Your goal – The answer must be the lines from the one that holds "Pac-12 to Enhance" through the final line of the data, copied exactly, with no pictures.

*** Opening of Given information ***

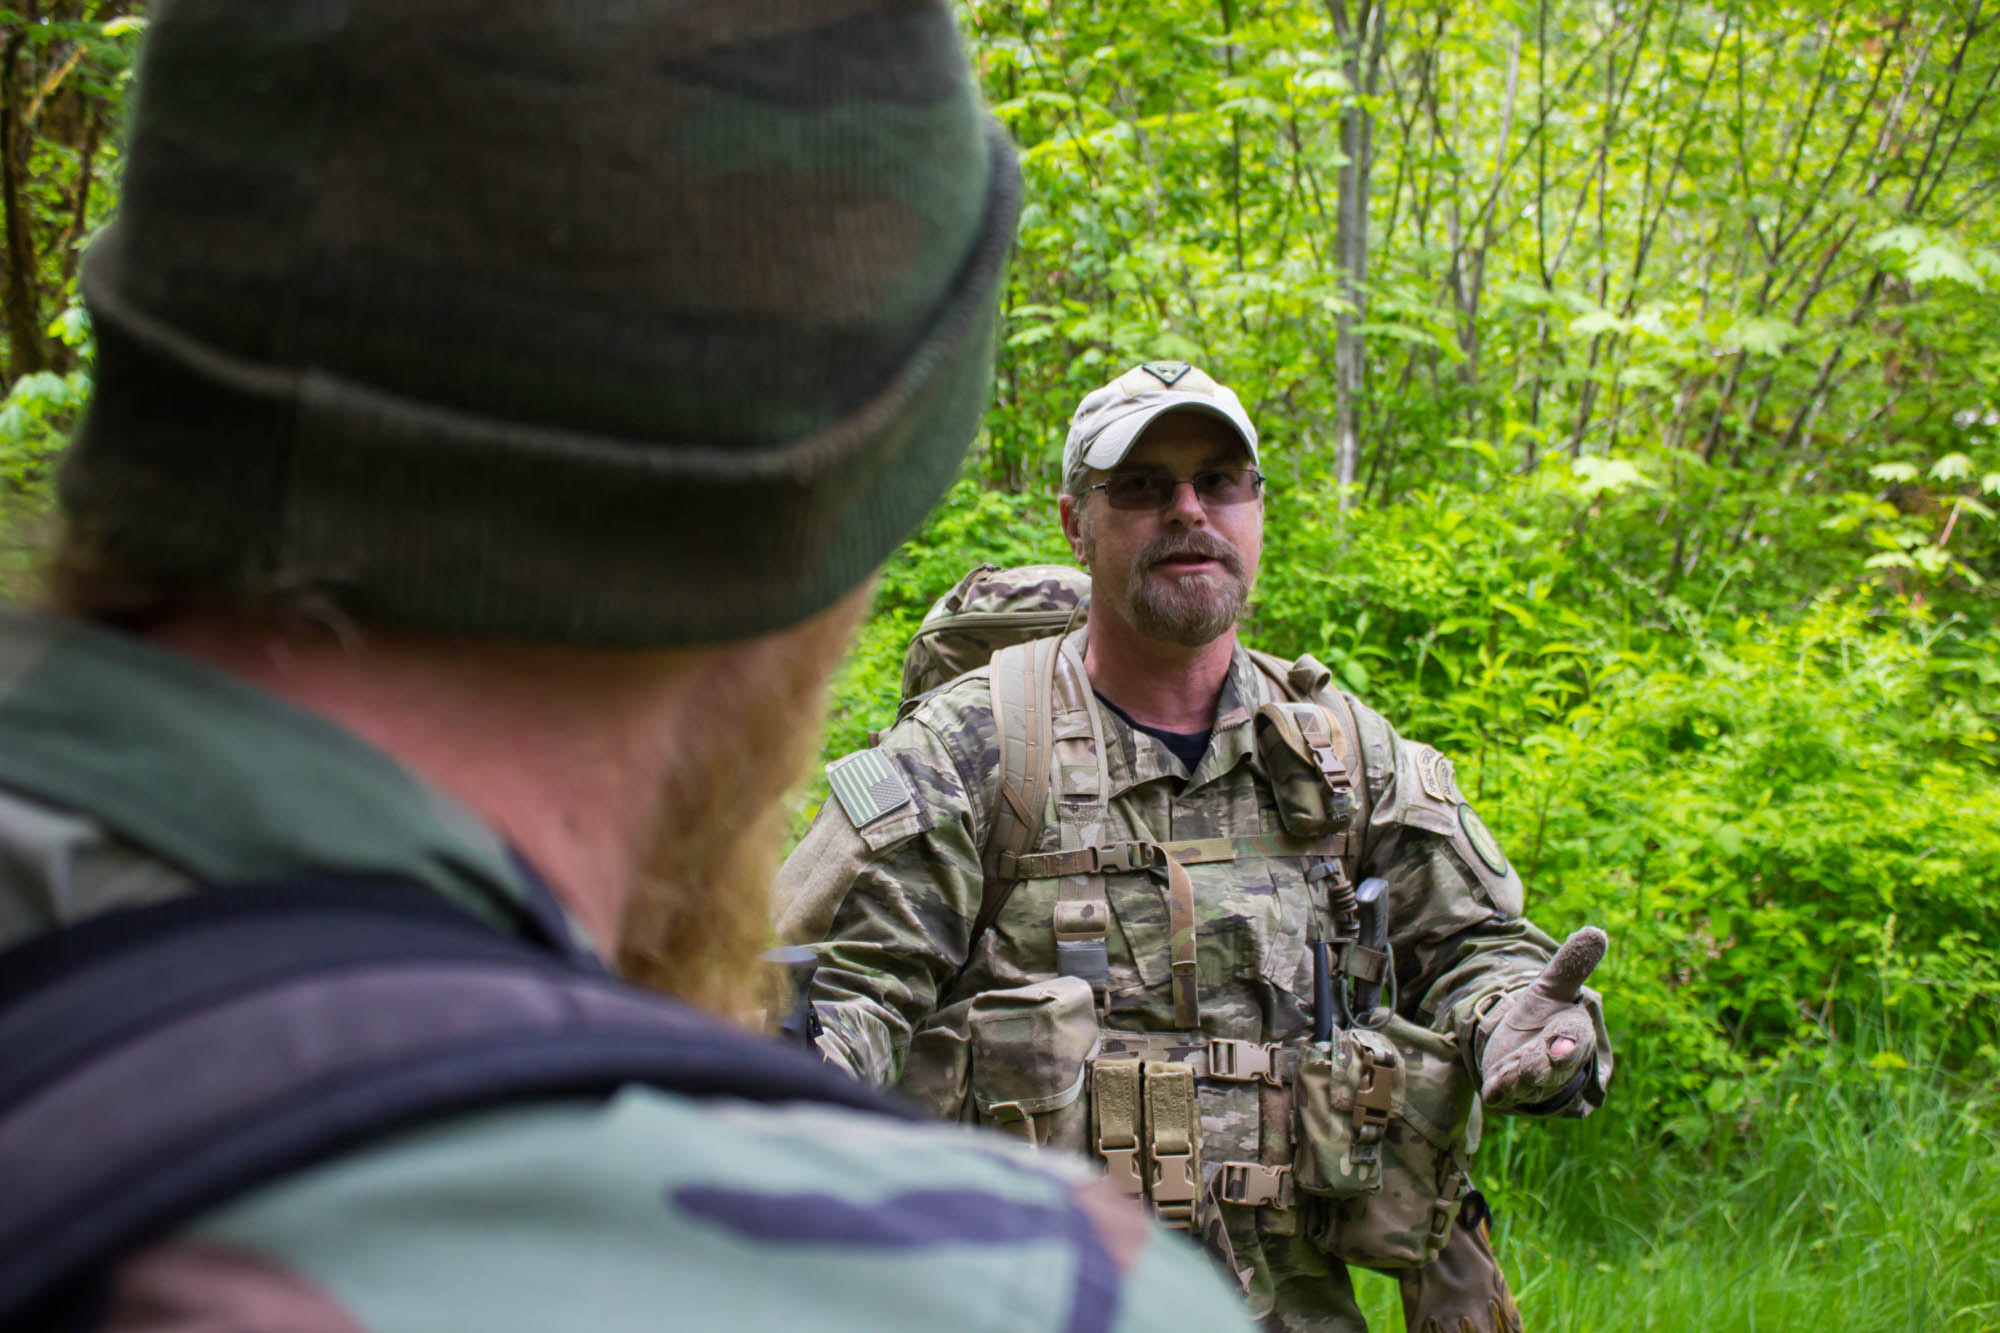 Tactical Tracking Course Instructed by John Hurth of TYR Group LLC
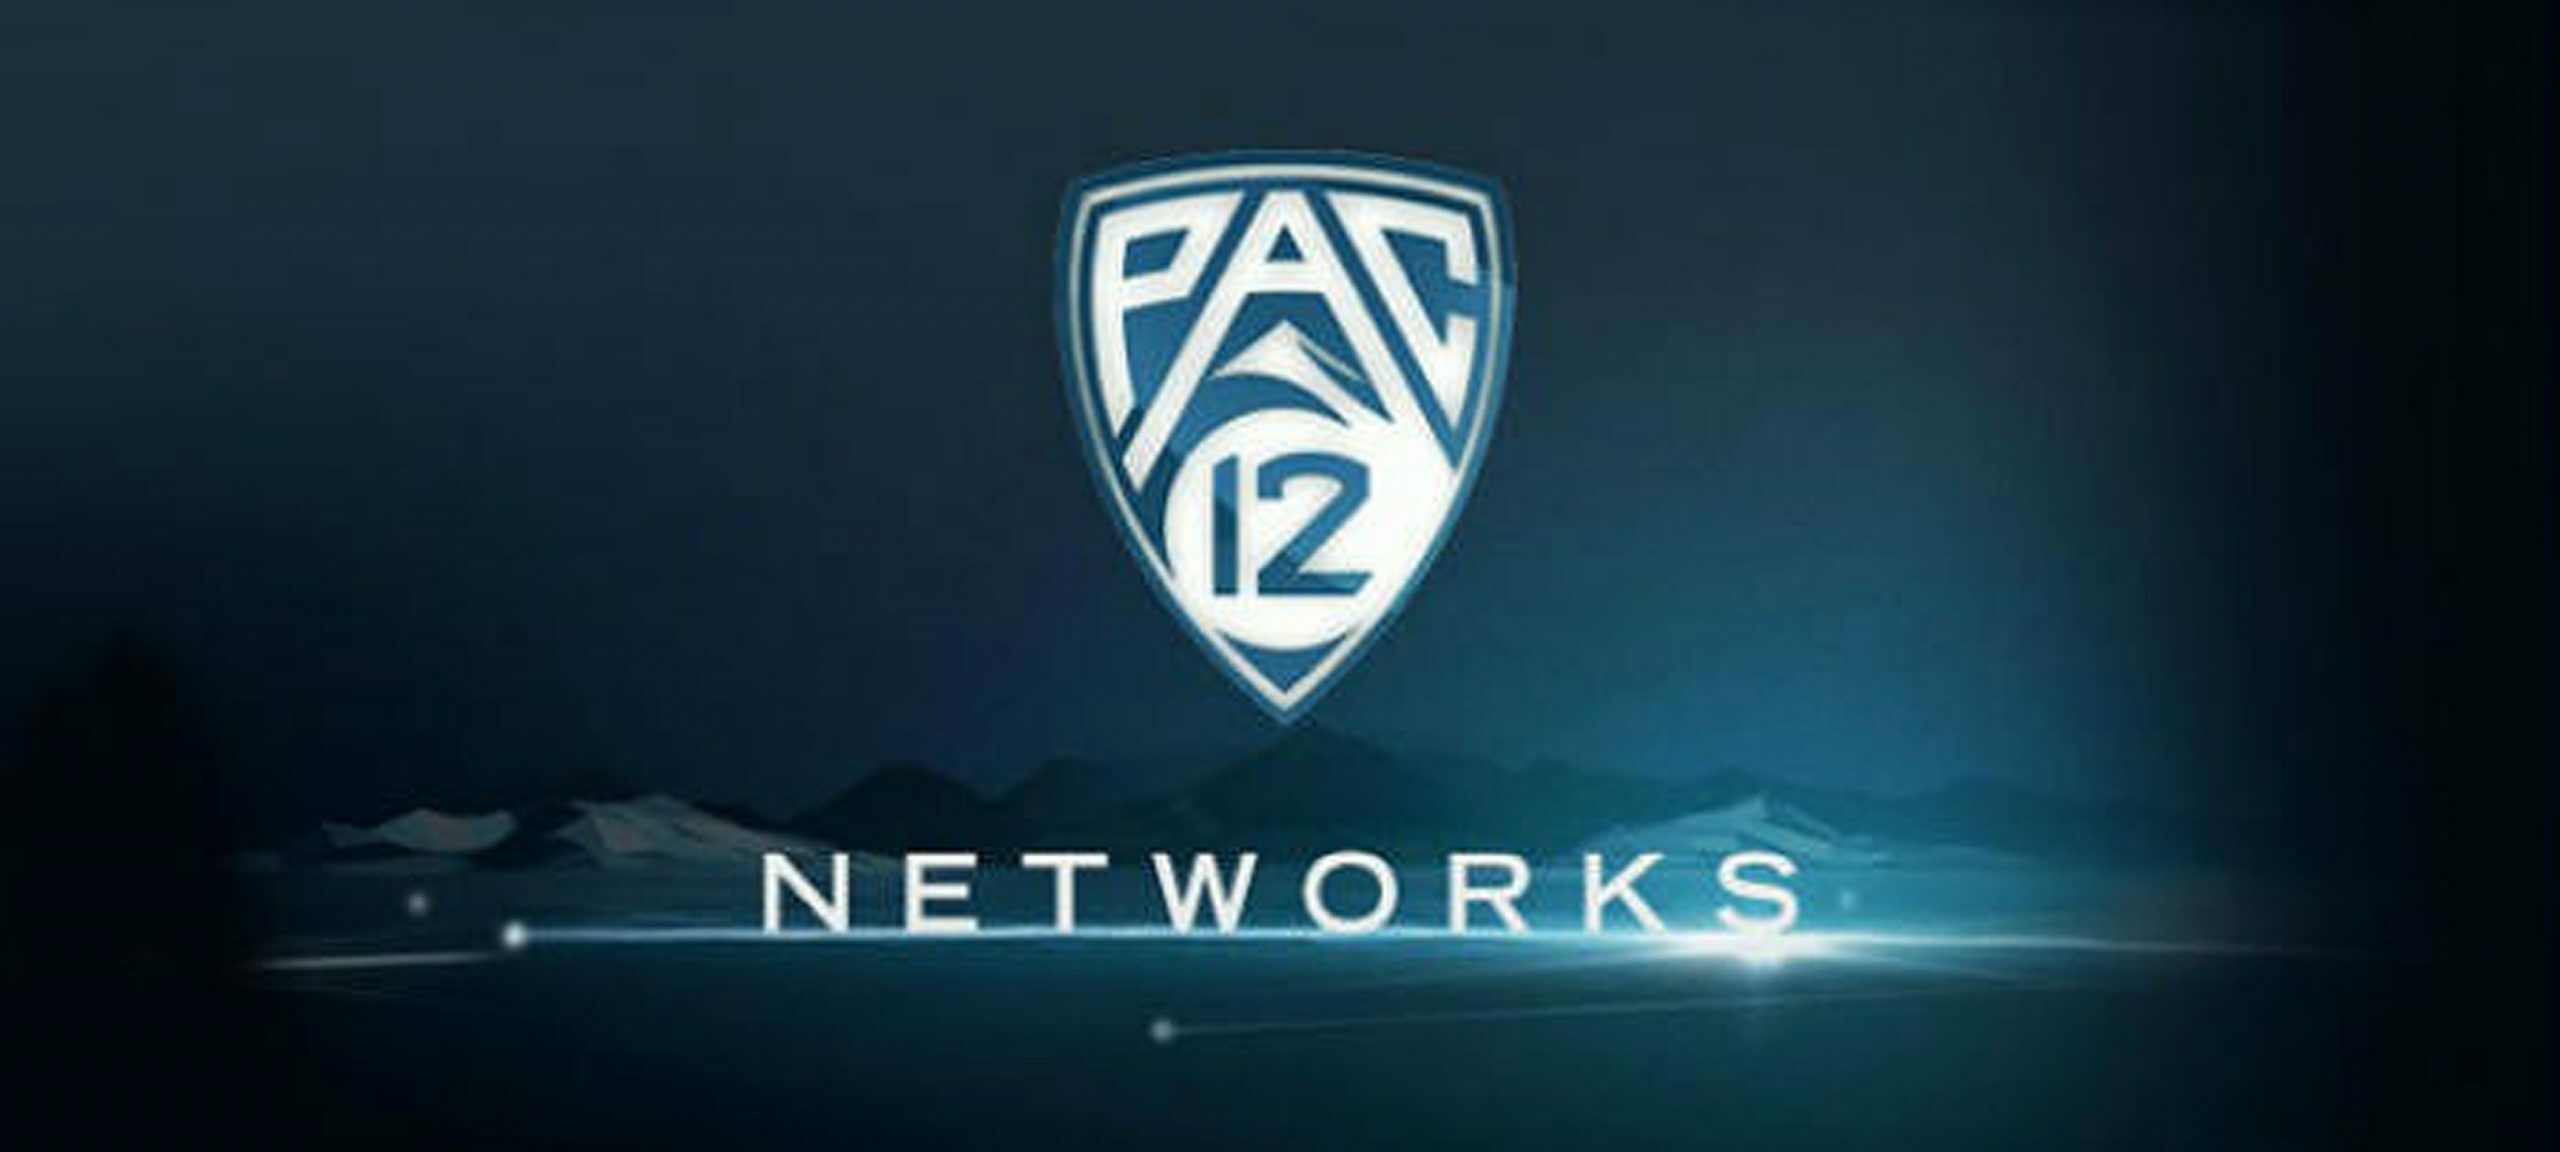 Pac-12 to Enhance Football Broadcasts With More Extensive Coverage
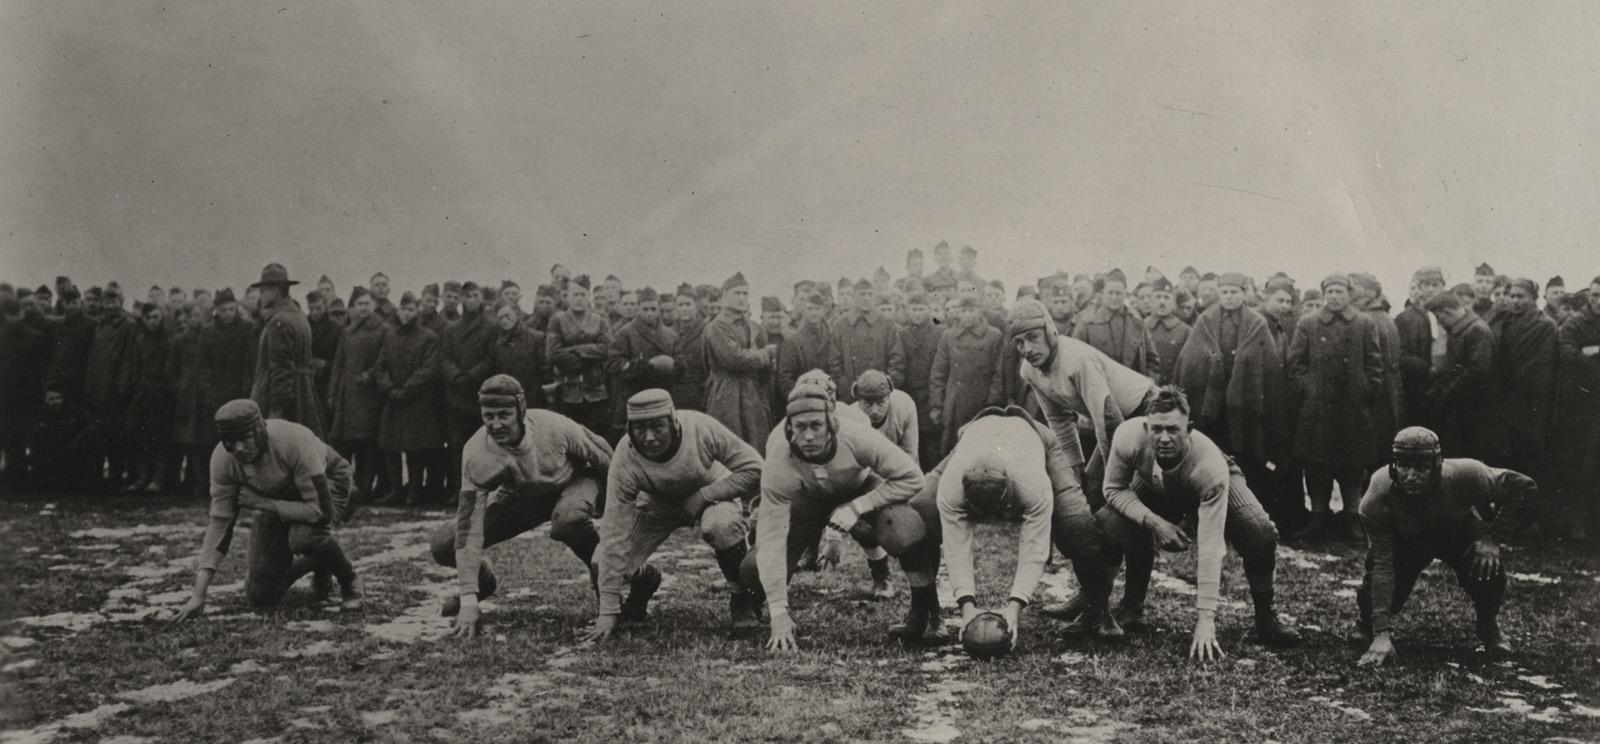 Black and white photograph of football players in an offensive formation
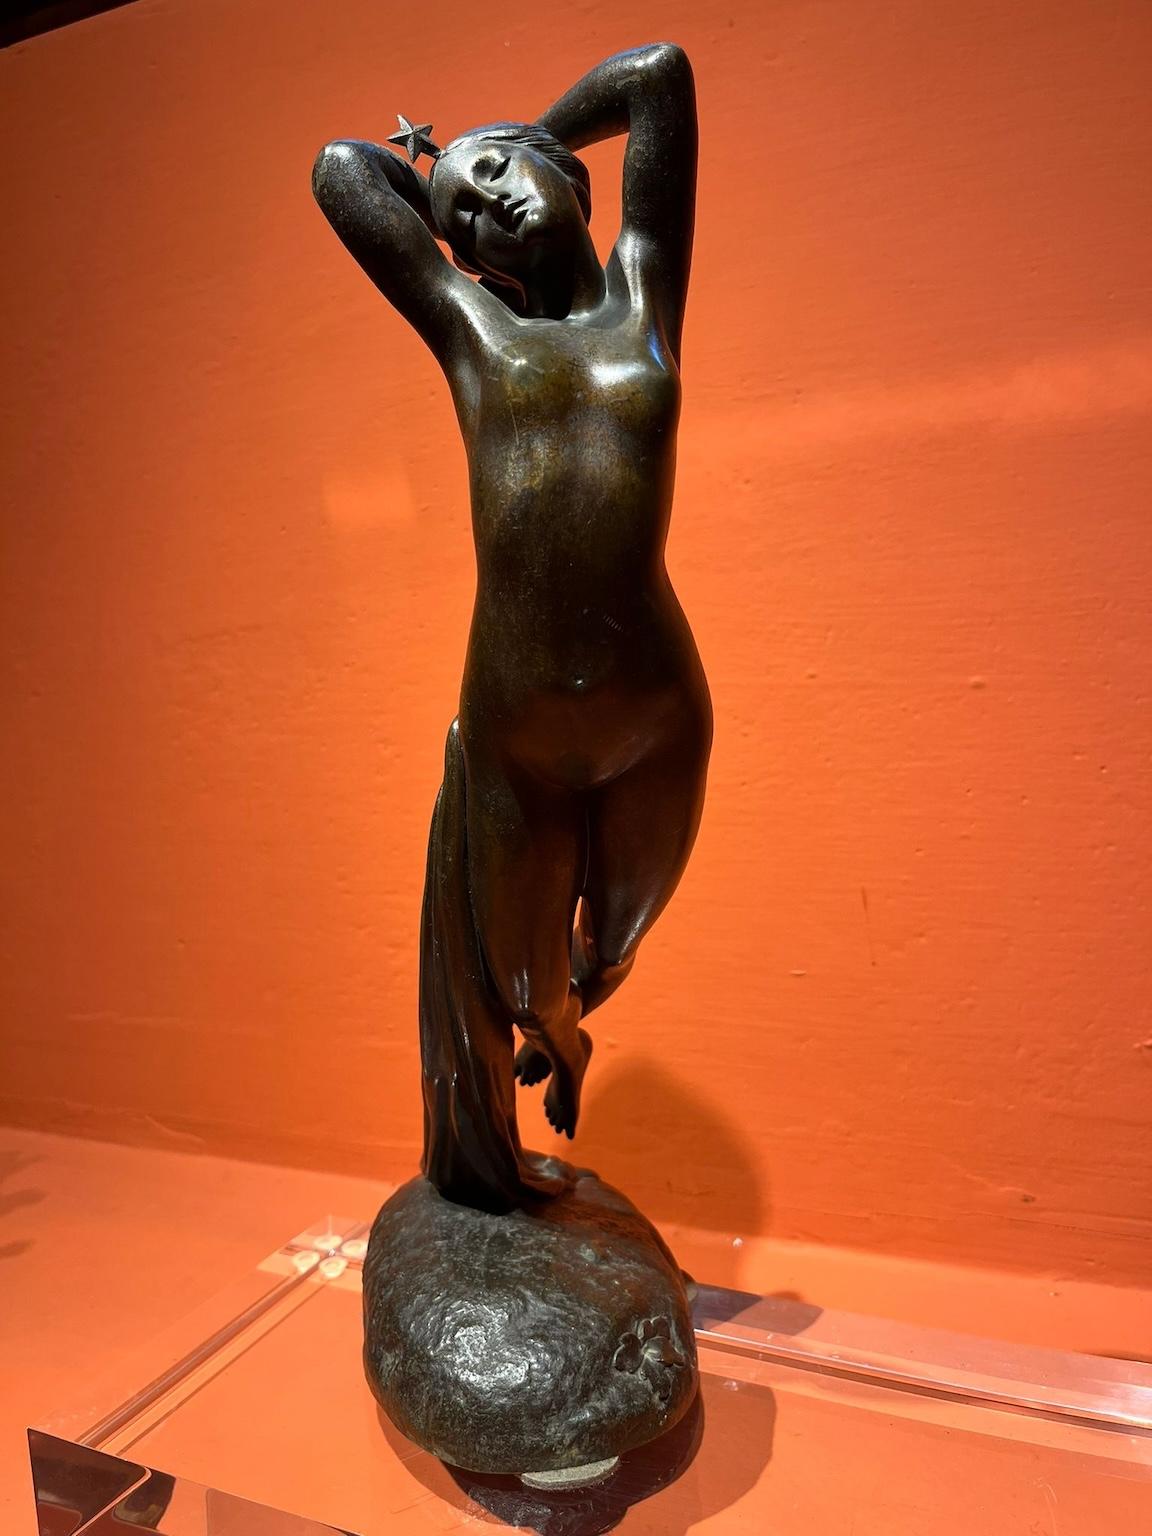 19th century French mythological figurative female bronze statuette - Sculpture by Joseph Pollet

*** Close of Given information ***

Output of the exercise –
 Pac-12 to Enhance Football Broadcasts With More Extensive Coverage
 Black and white photograph of football players in an offensive formation
 19th century French mythological figurative female bronze statuette - Sculpture by Joseph Pollet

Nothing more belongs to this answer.